But before we run the Armageddon tape that the world will stop functioning because of lack of oil, let’s all take a deep breath and think again. The oil companies, the people who manufacture cars and airplanes and legions of scientists and inventors have all been planning for that day. And as far-fetched as it might seem to some of us, that day will undoubtedly come, very probably within our lifetime.

So what is likely to happen? First, the car manufacturers and people who build commercial aircrafts, the two largest consumers of fossil fuels have no doubt plans on what their next generation models will look like and what they will run on. Already some car manufacturers are producing hybrid cars that run partially on electricity. What will transpire will be a massive turn to nuclear energy. It may not be the safest of energies, however nuclear energy remains the cleanest. Or perhaps solar and wind.

So your average American will still be able to drive to the drive-thru bank and restaurant. The above average Chinese will still be able to afford his car and the average European will still be able to enjoy Sunday outings with Grandma sitting in the back seat between the bambinos.

What will change – and drastically so – will be the social-economic face of much of the oil producing countries as well as other nations, where overnight tens of thousands of workers will find themselves suddenly unemployed, broke, and with practically no prospects for any future whatsoever.
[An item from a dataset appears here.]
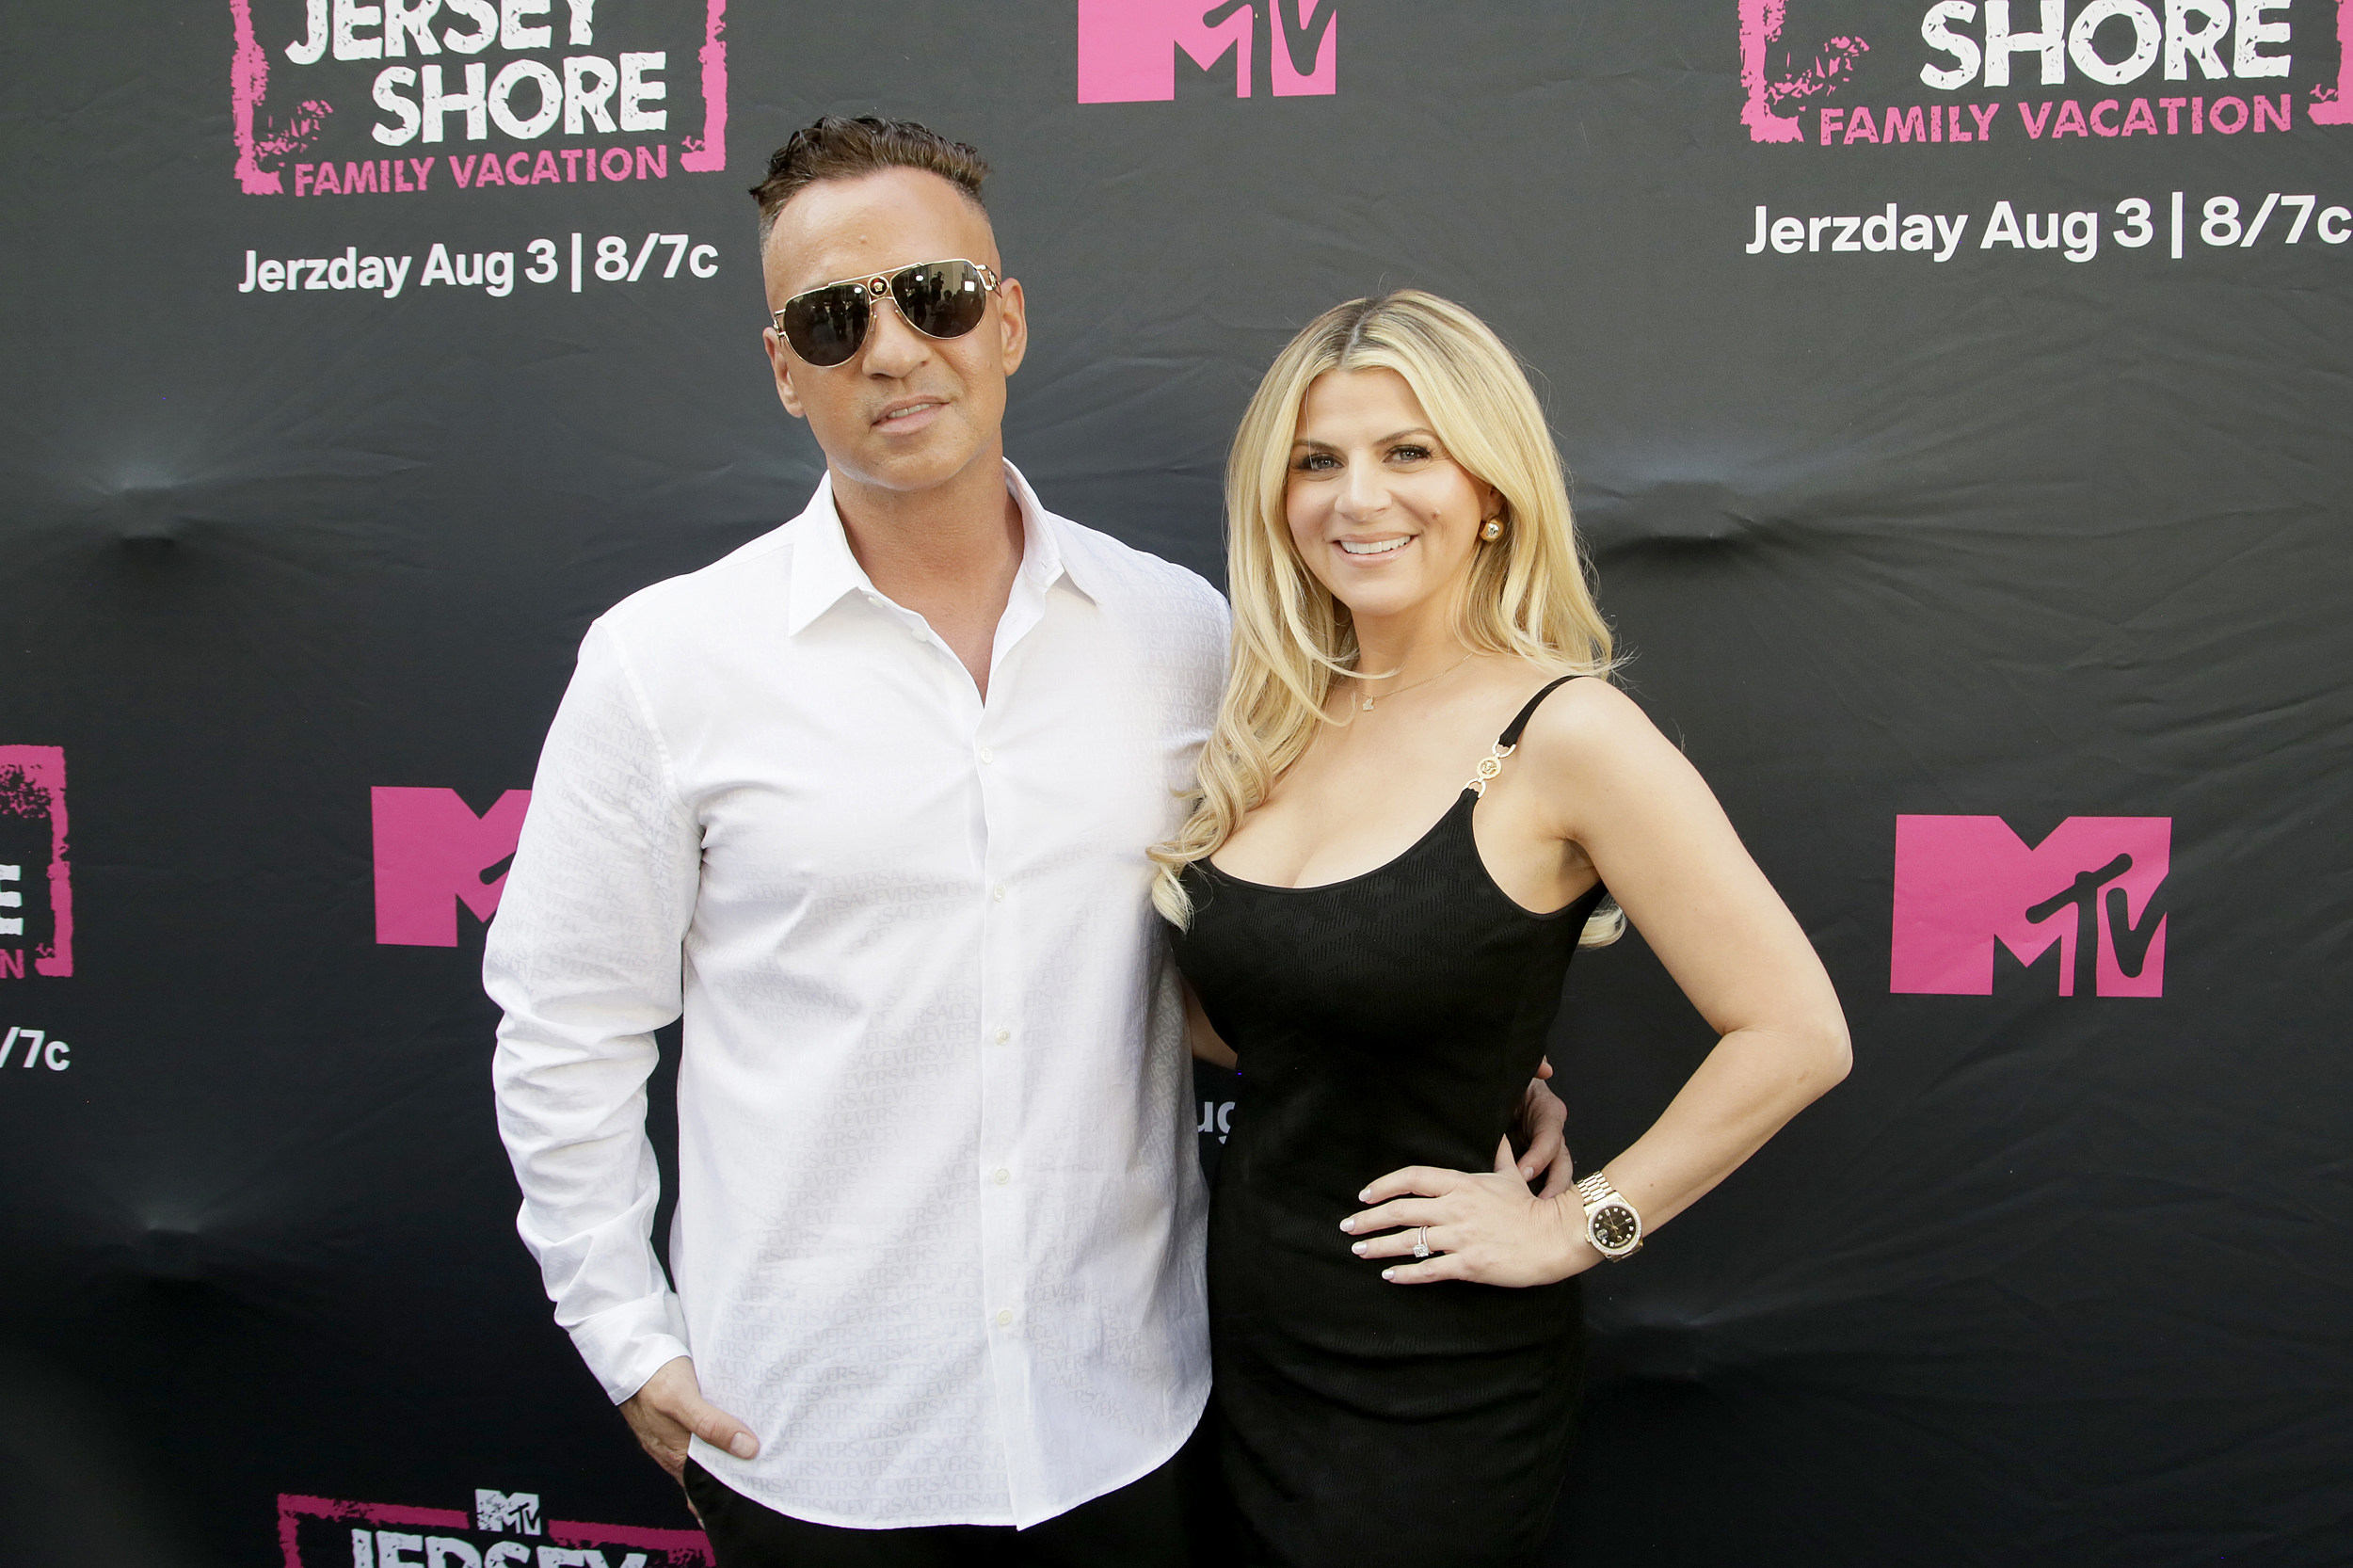 MTV's Jersey Shore Family Vacation NYC Premiere Party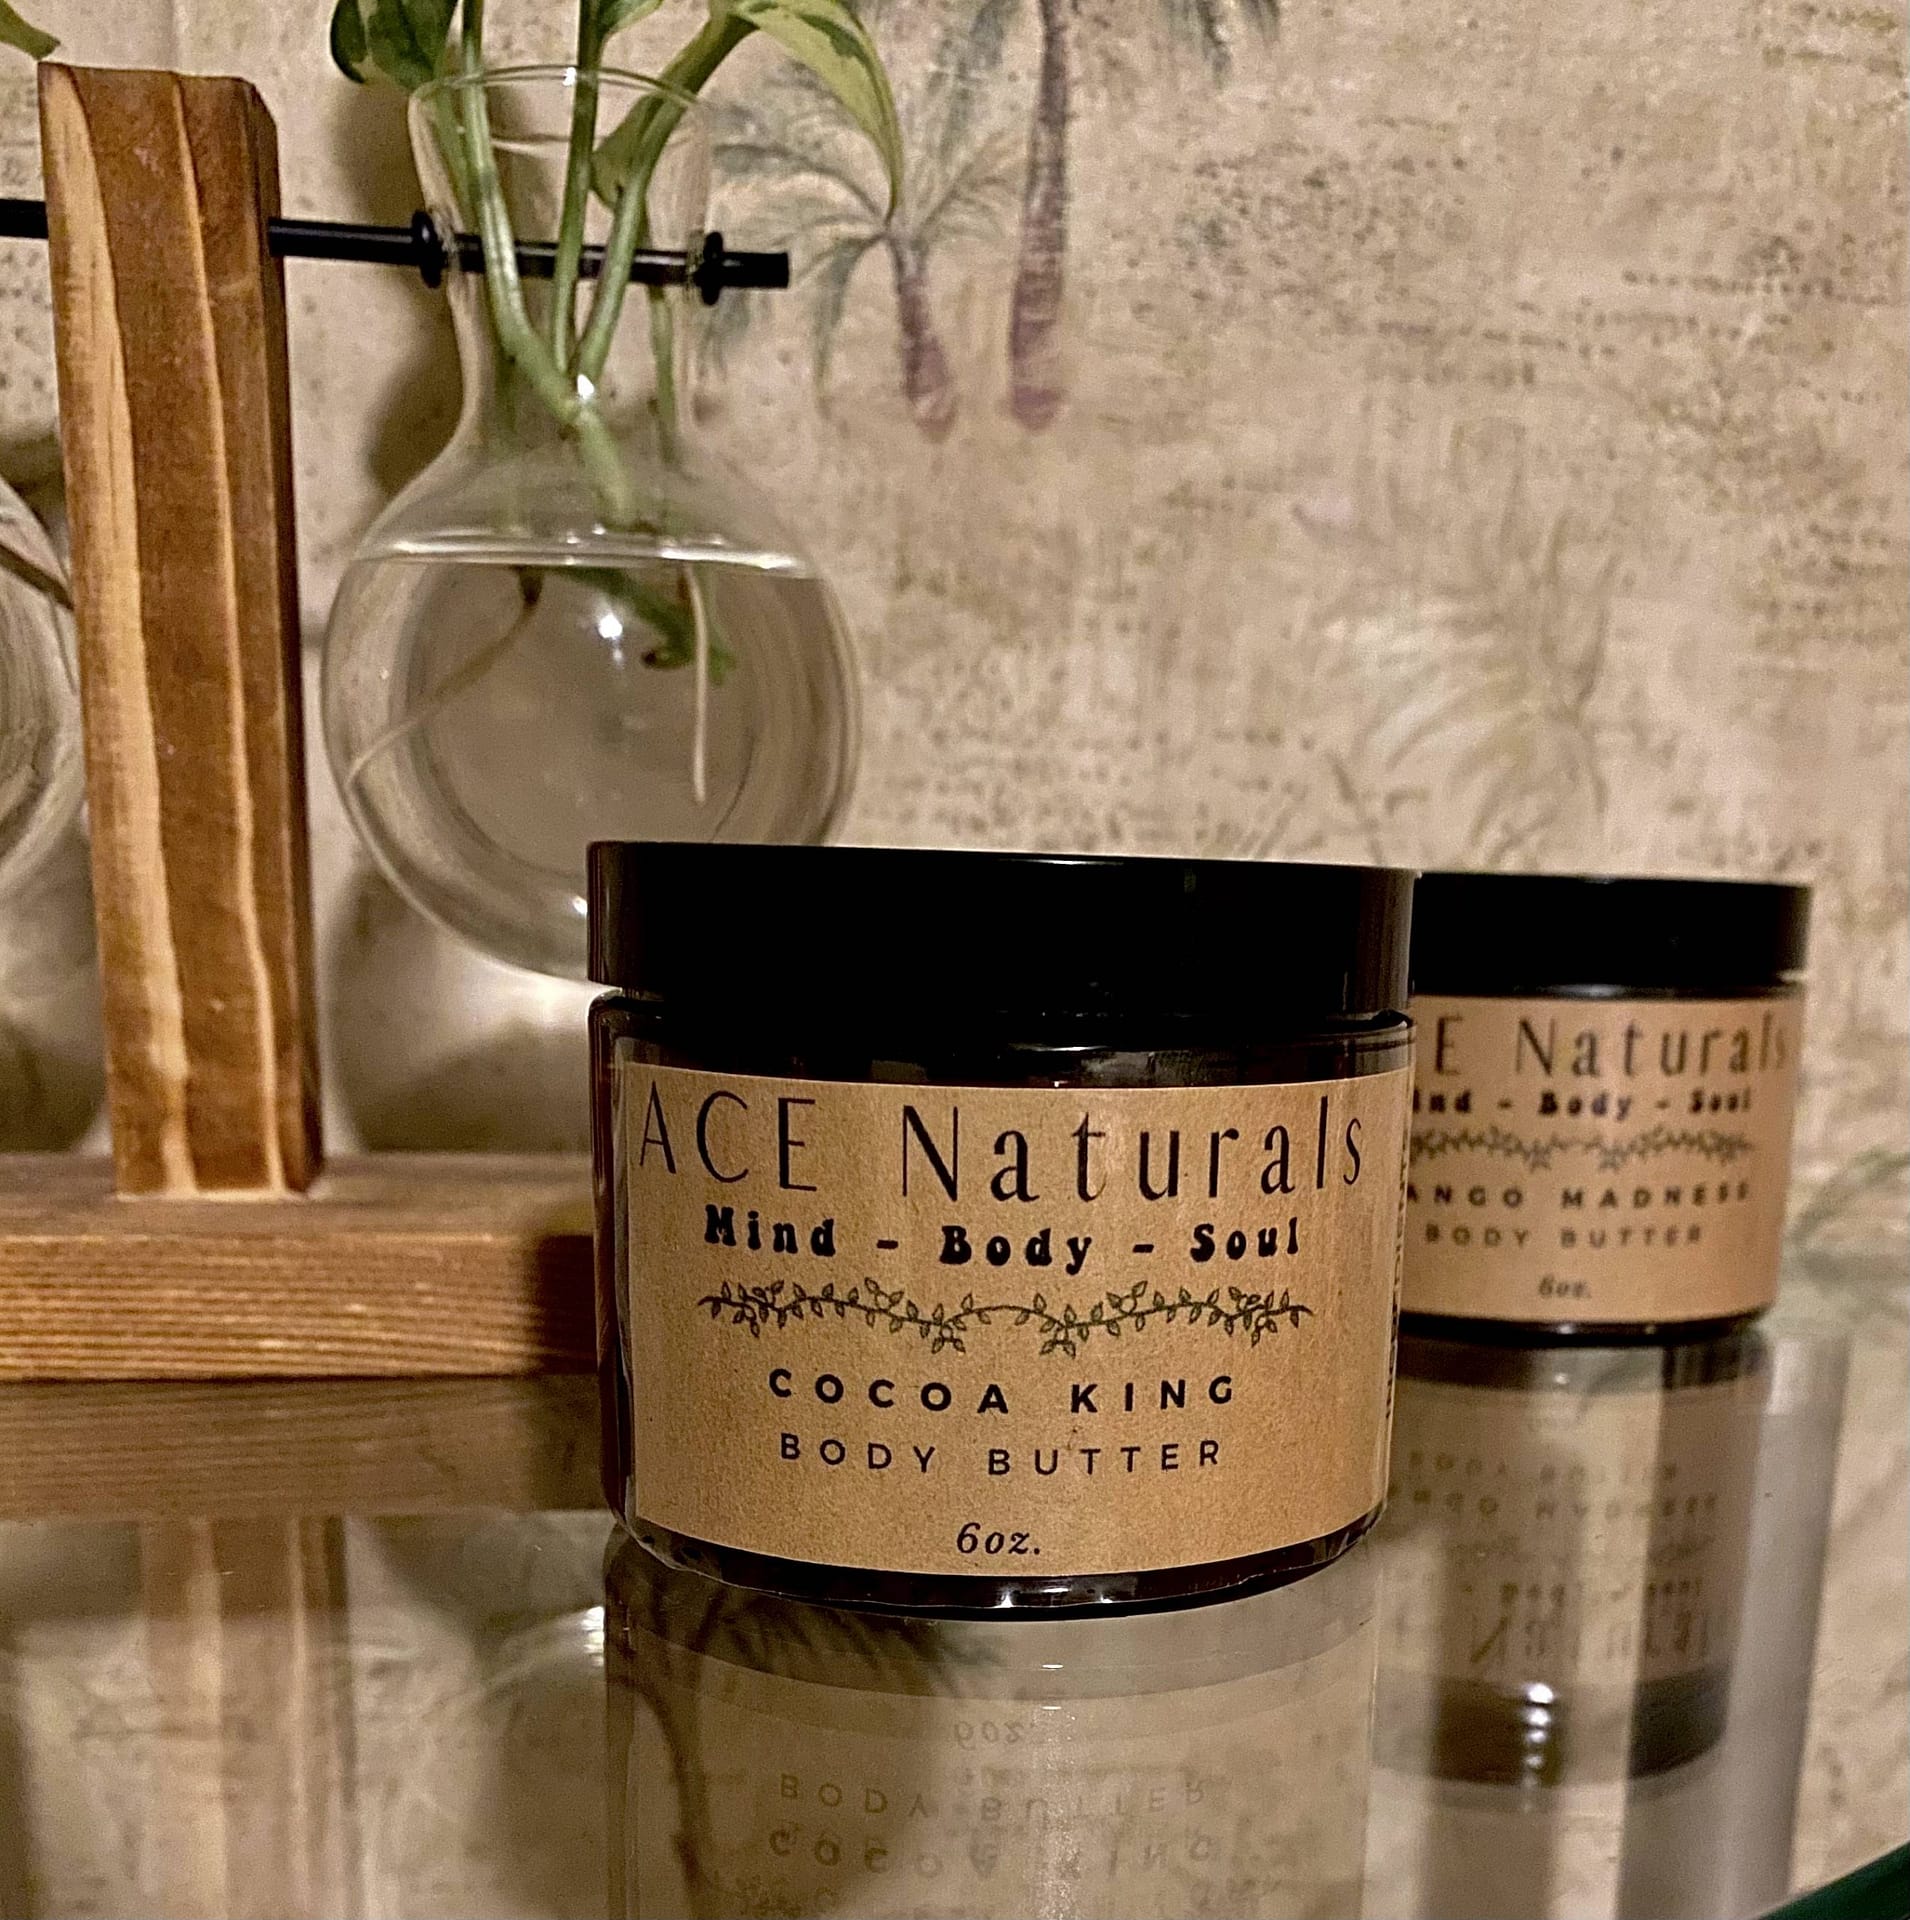 Cocoa King Body Butter-Ace Naturals

And herewith lies the danger of a social eruption of near Biblical proportions. Think if you will of the ripple effect that would occur if one of the major oil producers stopped producing.

Take the United Arab Emirates (UAE) one of the major oil-producing states in the Gulf where the local population is outnumbered five-to one.  Out of a population of some 4.8 million less than 20 % are nationals of the country; and even among the nationals, a good percentage very probably hail from other neighboring countries, such as Palestine, Lebanon or other countries in the region.  The bulk of the population -- a whopping 50 percent  -- are from the Indian sub-continent; from India, Pakistan, Bangladesh, Balouchistan or from Iran and Afghanistan.

The same holds true in the rest of the Gulf Cooperation Council states; Kuwait, Saudi Arabia, Qatar, Bahrain, Oman.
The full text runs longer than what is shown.